Julia perched on the arm of a slate-blue wingback chair. Daniel noticed she was wearing brand-new cross-trainers and thick exercise socks. He wondered what she did for a run. A couple miles? Whatever she felt like? Self-discipline, he would guess, was not one of Julia Vanackern’s character traits.
He remained on his feet. “I’d like to ask you about what happened to you when you were in Texas last month.”
She frowned. “In Texas? You know—”
“I was there.”
She twisted her small hands together in her lap, her frown deepenin
g as her sapphire eyes narrowed on him. Daniel couldn’t tell if her confusion was an act or not. He would hate to have to put money on an accurate read of what Julia Vanackern was thinking or what she’d do next. “But we didn’t meet you there.”

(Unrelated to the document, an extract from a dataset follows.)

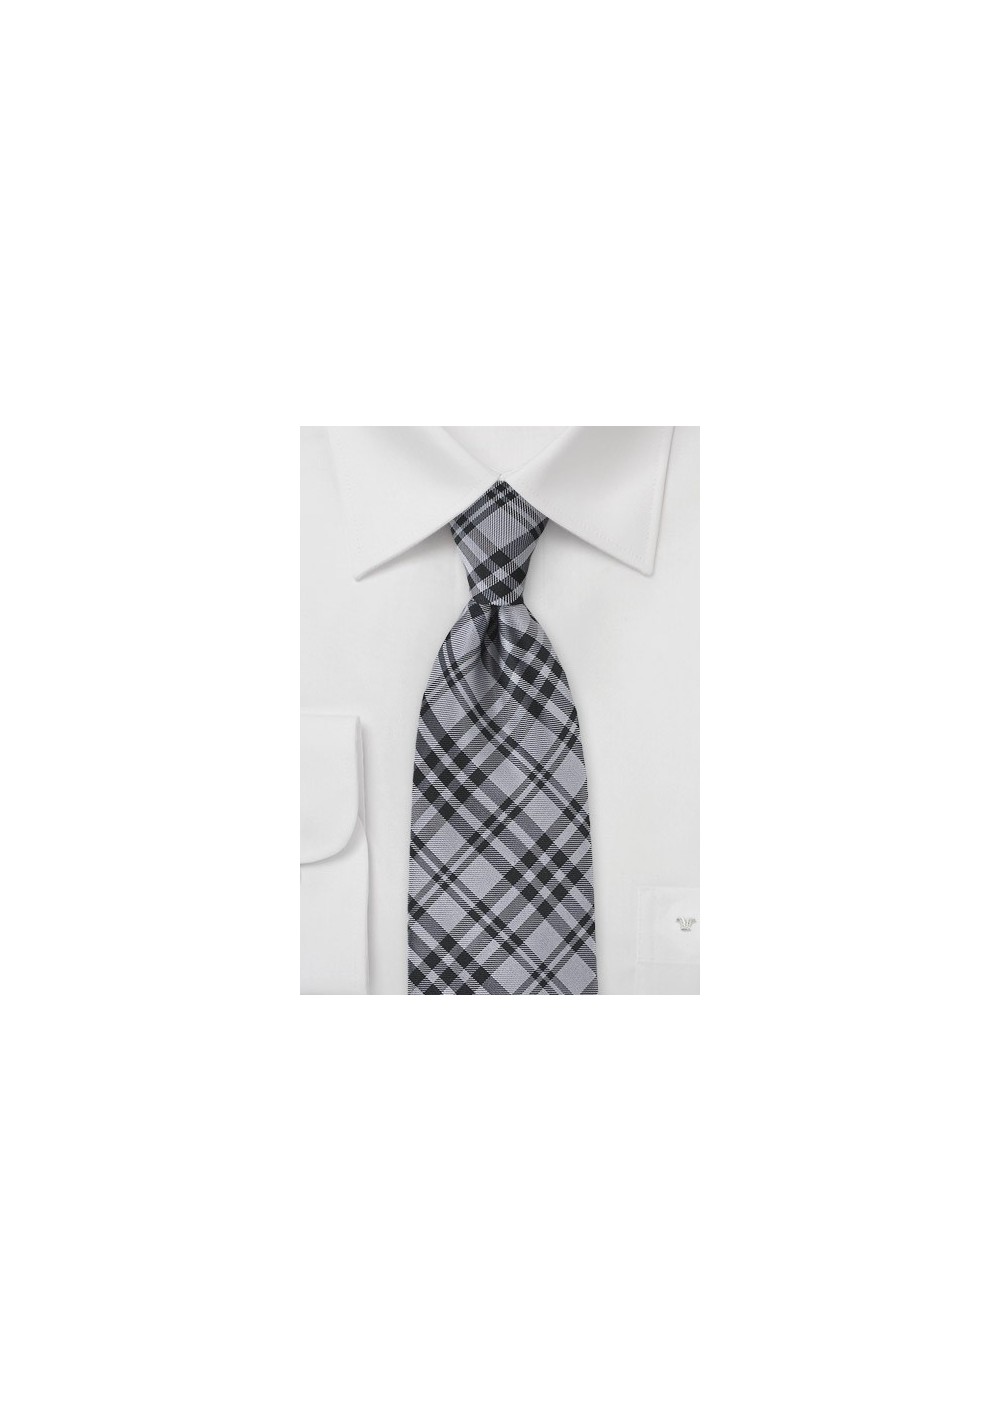 XL Length Plaid Tie in Black and Charcoal

“My name is Daniel Foxworth.”
Her eyes widened, and she covered her mouth with one hand as she made the connection. “Oh, my God—you’re not Daniel Forrest…. You’re the one…you were the pilot….”
“That’s right.”
“But what are you doing in Vermont? What do you want with me?”
Daniel didn’t blame her for being upset, but she wasn’t the one who’d ended up in the hospital with multiple injuries and the possibility of losing a leg. She’d watched his copter go down. She hadn’t been on board.
“Julia, I’m not here just to remind you of something you want to forget. I only—”
“Does Cozie know who you are? Did you lie to her as well?”
Why wouldn’t he? He decided to keep his answer simple, not to give Julia anything to work with. “Yes, I lied to her as well.”
She tugged on the end of her braid, fidgeting. “I’m sorry.” She faked a laugh. “Here I am getting all hysterical and you were the one who crashed. Actually, I wondered when you said you were from Texas if you might be here because of what happened to me.”
To her?
She caught herself. “I didn’t mean it that way.”
Daniel took her off the hook. “It’s okay.”
“I just never expected that Daniel Foxworth—that you would be—I mean—” She stopped herself, flushing. She looked much younger than she was. Then she smiled, and the flustered girlishness disappeared. A practiced sultriness came into her eyes. “Well, you don’t look anything like your grandfather.”
Daniel smiled. “One would hope.”
But Thad and Frances Vanackern came into the room, dressed in casual country clothes that made them look surprisingly alike. Julia thrust an accusing hand in Daniel’s direction. “Mum, Dad, this is Austin Foxworth’s grandson.”
“We heard,” Thad Vanackern said coldly. He fastened his gaze on Daniel as if Daniel had just been caught stealing the china. “By God, you’ve got gall.”